* DATA SHOWN *
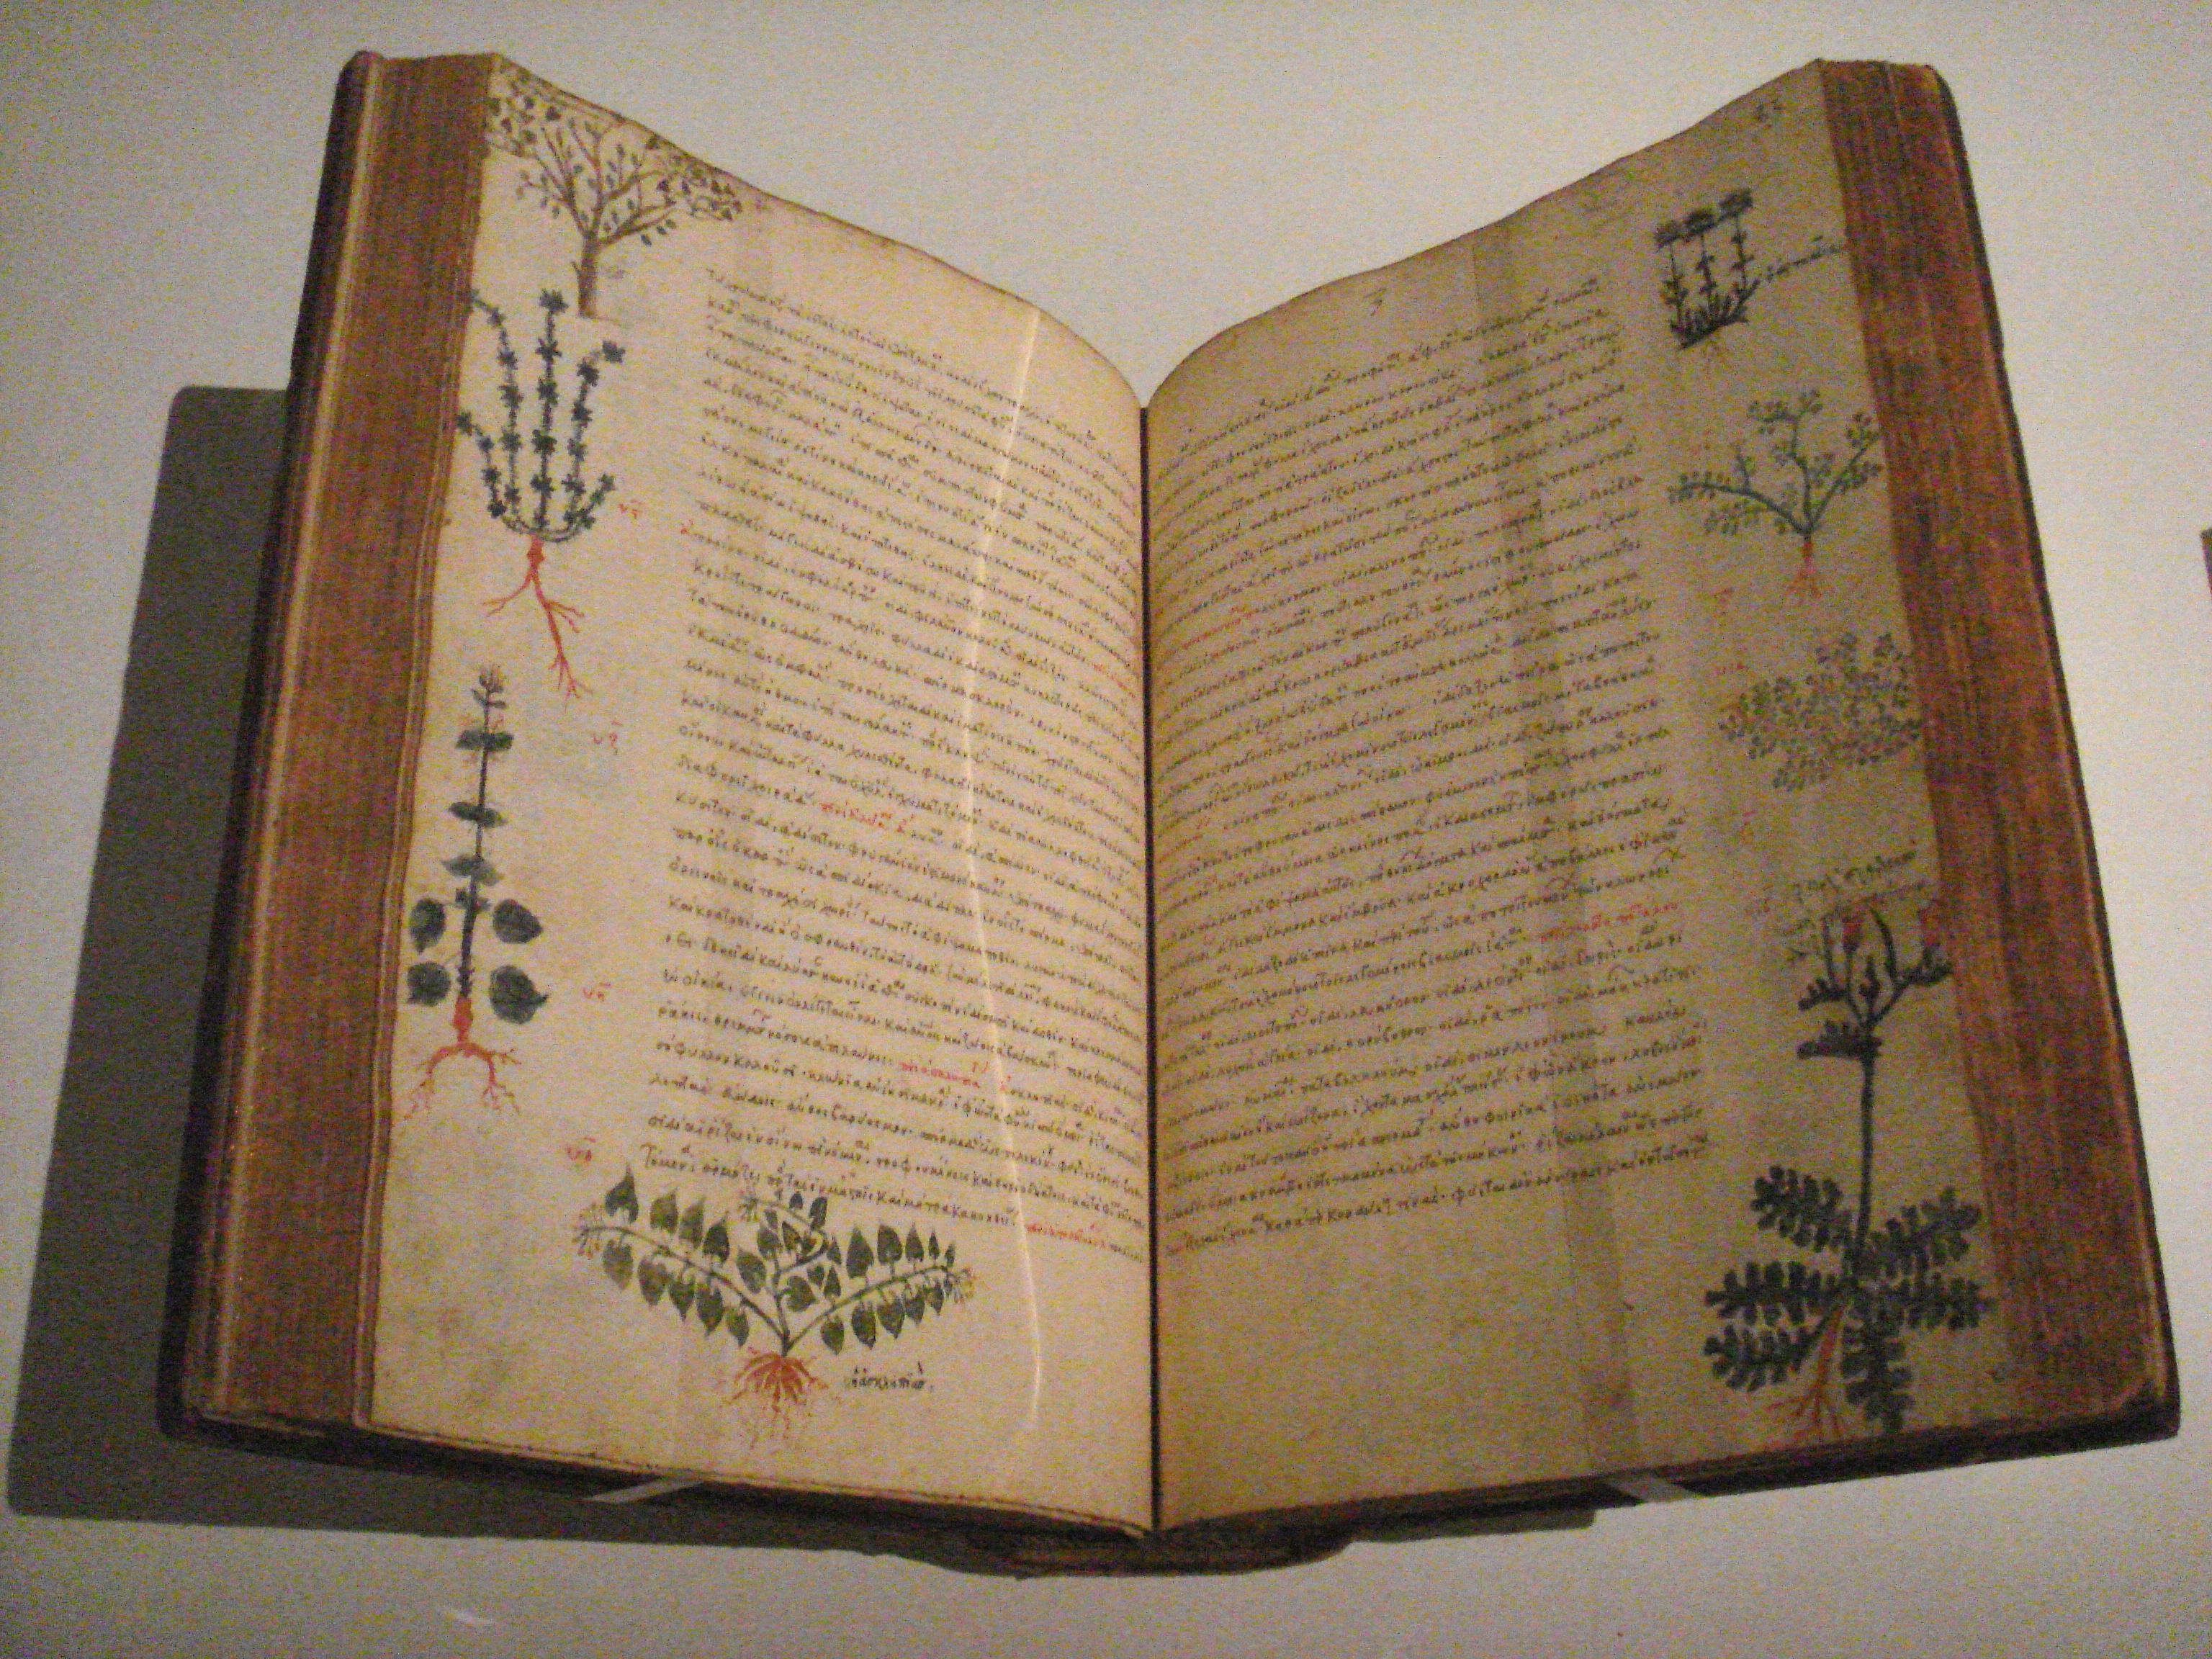 Dioscorides_De_Materia_Medica_Byzantium_15th_century
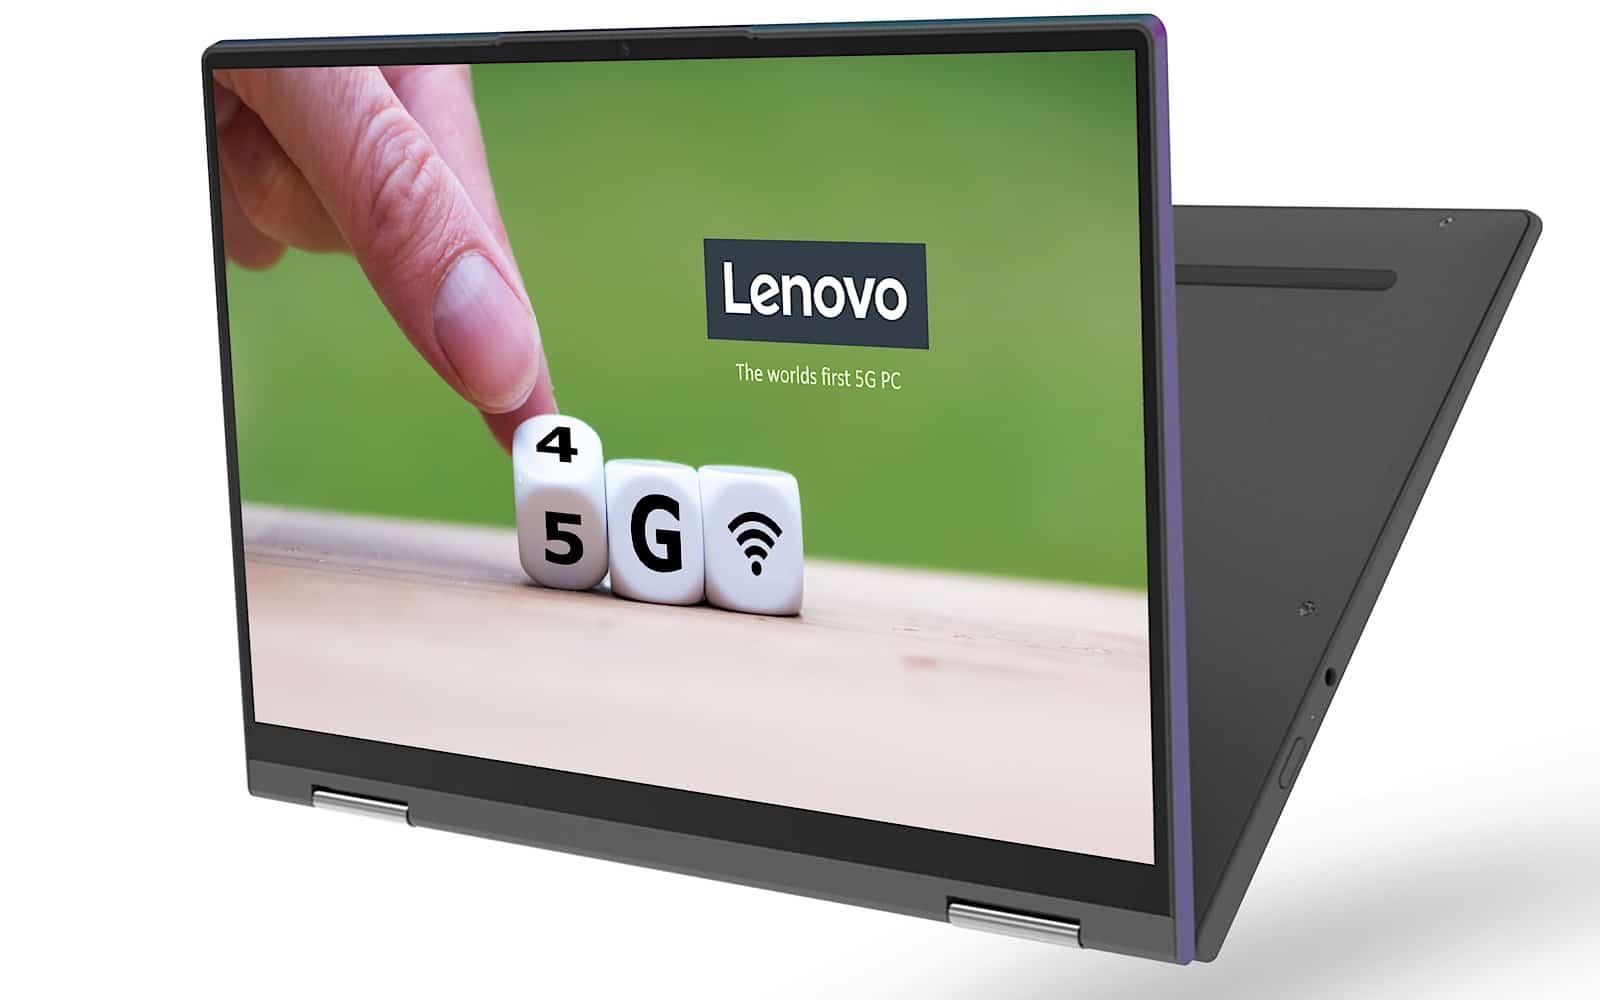 Lenovo, Qualcomm collaborate on 5G laptop – Pickr
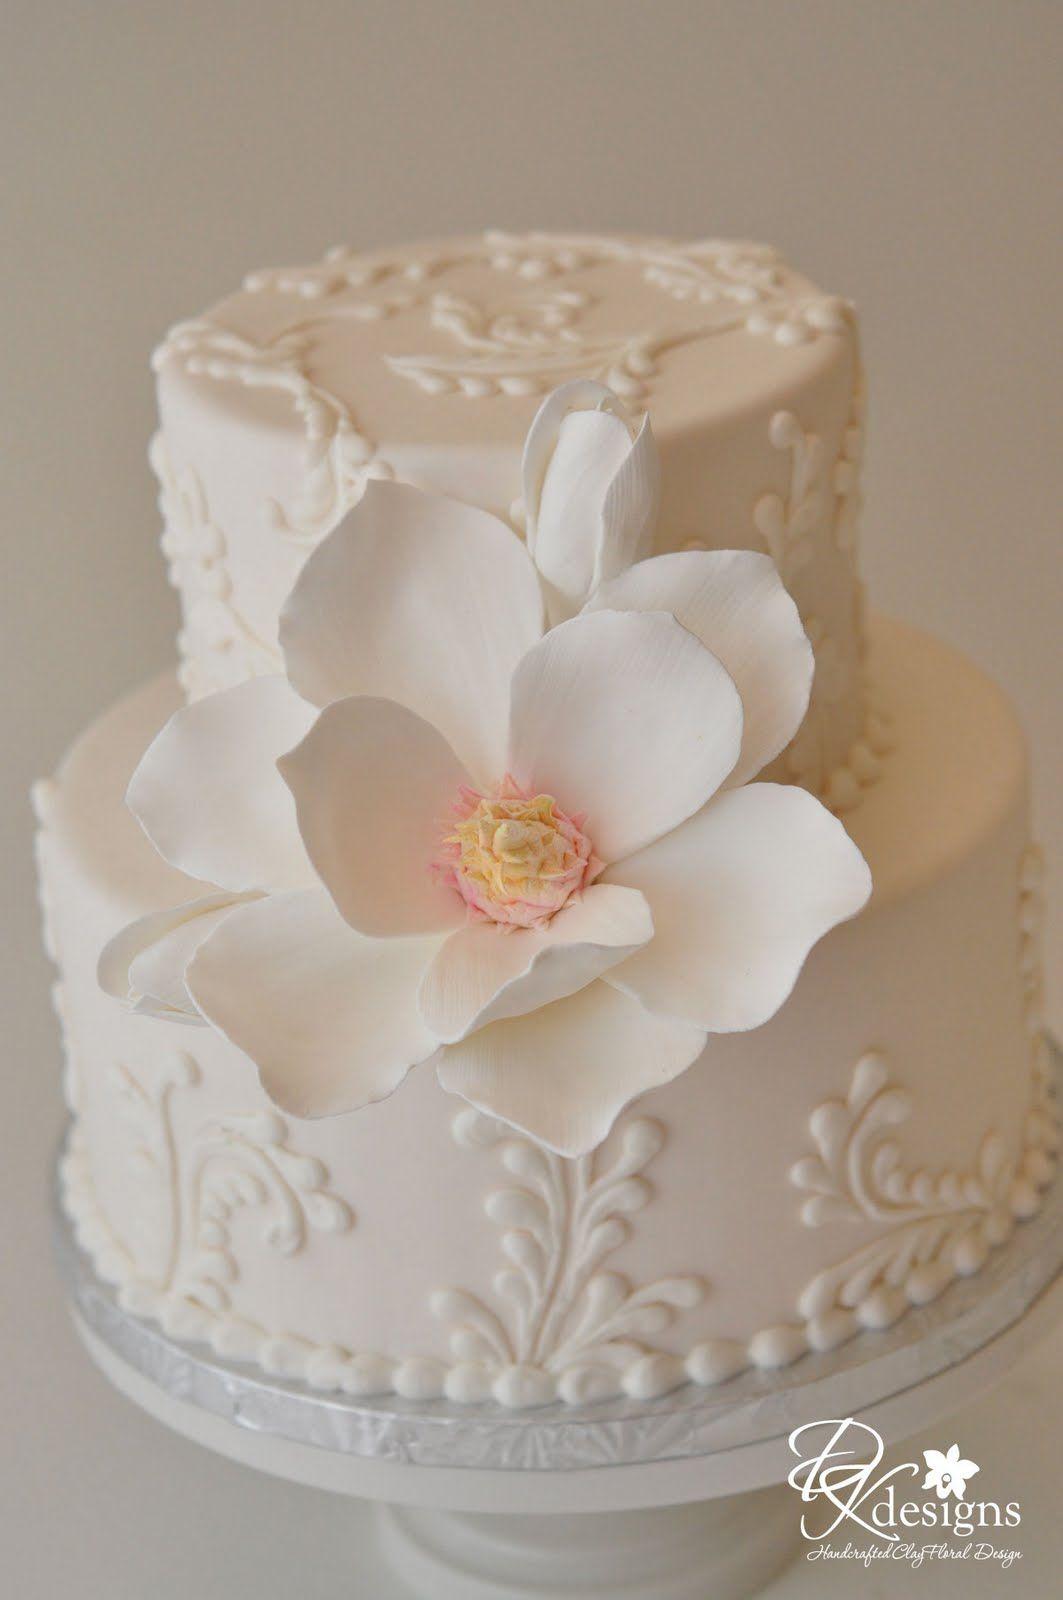 Magnolia Wedding Desserts Pinterest Magnolia Cake And

* THE PROBLEM *
Please give the data again in full, exactly as written, but without any images.

* ANSWER TO THIS TASK *
 Dioscorides_De_Materia_Medica_Byzantium_15th_century
 Lenovo, Qualcomm collaborate on 5G laptop – Pickr
 Magnolia Wedding Desserts Pinterest Magnolia Cake And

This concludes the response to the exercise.